Helena shook her head. ‘No. I’m not buying it,’ she said. ‘That guy was so crazy for you he’d never have looked at another woman.’
‘But he did. He met Pippa, fell in love and they got married. End of story.’
Helena was about to protest again, but stopped herself. There was no point in trying to get anything out of Kirsten until she was ready to tell. ‘And how do you feel now?’ she said softly. ‘Do you still care for him?’
Kirsten looked down at the champagne glass she had cupped between her hands. ‘I don’t know,’ she answered. ‘It’s hard to say when I haven’t seen him for so long.’
Again Helena was shaking her head as though she still couldn’t believe, even after all this time, that Kirsten and Laurence had parted. ‘I remember the night you met him,’ she said. ‘I was there for that too.’
‘We were always there for each other in those days,’ Kirsten smiled.
‘It was the night you won the BAFTA award, wasn’t it? For that Hamish Fullerton series. And Laurence won one too, if I remember rig
htly. God, what a night that was for you two. A BAFTA each and love at first sight. I’ll never forget the look on Paul’s face when he introduced the two of you. God, talk about the proud father. Come to that I’ll never forget the look on Laurence’s face. He could hardly believe his eyes. You sure did look gorgeous that night, but then you always do. Did you sleep together that night, by the way, I can’t remember now.’
‘Oh yes,’ Kirsten smiled. ‘We slept together all right.
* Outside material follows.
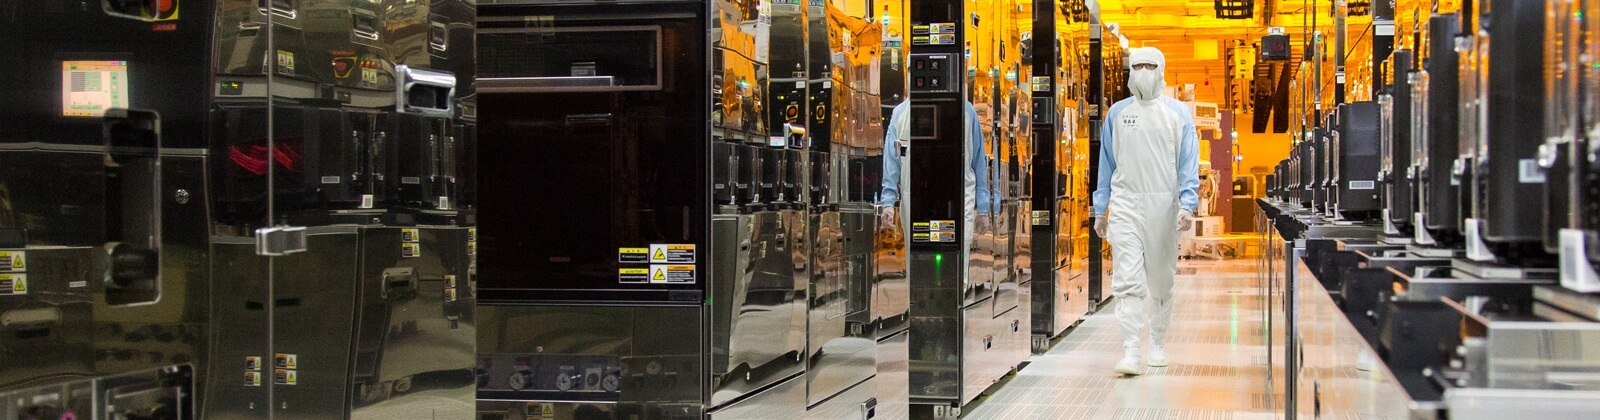 Virtualized Computing

It was the first time in my life a man had ever actually made love to me. It was also the night he told me he loved me.’ She laughed. ‘He couldn’t believe he’d said it. Neither could I, come to that. It was so absurd it really made us laugh, but he swore it was true. He said he thought that things like that only ever happened in the movies.’
‘For most of us it does,’ Helena remarked. ‘How long were you together in the end? A year, was it?’
‘Just about,’ Kirsten answered, her voice taking on a soft, dreamy quality as her eyes moved to the middle distance. ‘God, we had some crazy times. I’d never been that happy, I could hardly believe it was happening, but at the same time nothing in my life had ever seemed so real. He used to call me up in the middle of the day just to remind me he loved me. I’ve still got most of the little presents he gave me . . . Do you know, he taught me things about myself I didn’t even know, well my body actually.’
Helena, her chin resting on her hand, smiled wistfully. ‘Mmm, I remember you telling me at the time. God, I was so jealous. I mean, happy for you, but he was so damned gorgeous everyone had the hots for him. And when you used to tell me what he was like in the sack, it just about blew my mind. Well, I guess it did yours too.’
‘It certainly did. I’ll always remember the day we were flying back from a weekend in Rome. We were sitting on the plane and suddenly I wanted him so much I just couldn’t wait. We did it right there in our seats. Fortunately we were the only ones in the first-class cabin and the stewardess, who must have known what was going on, turned a blind eye. But, it was like that with us, the whole time we were together, we just couldn’t seem to get enough of each other.’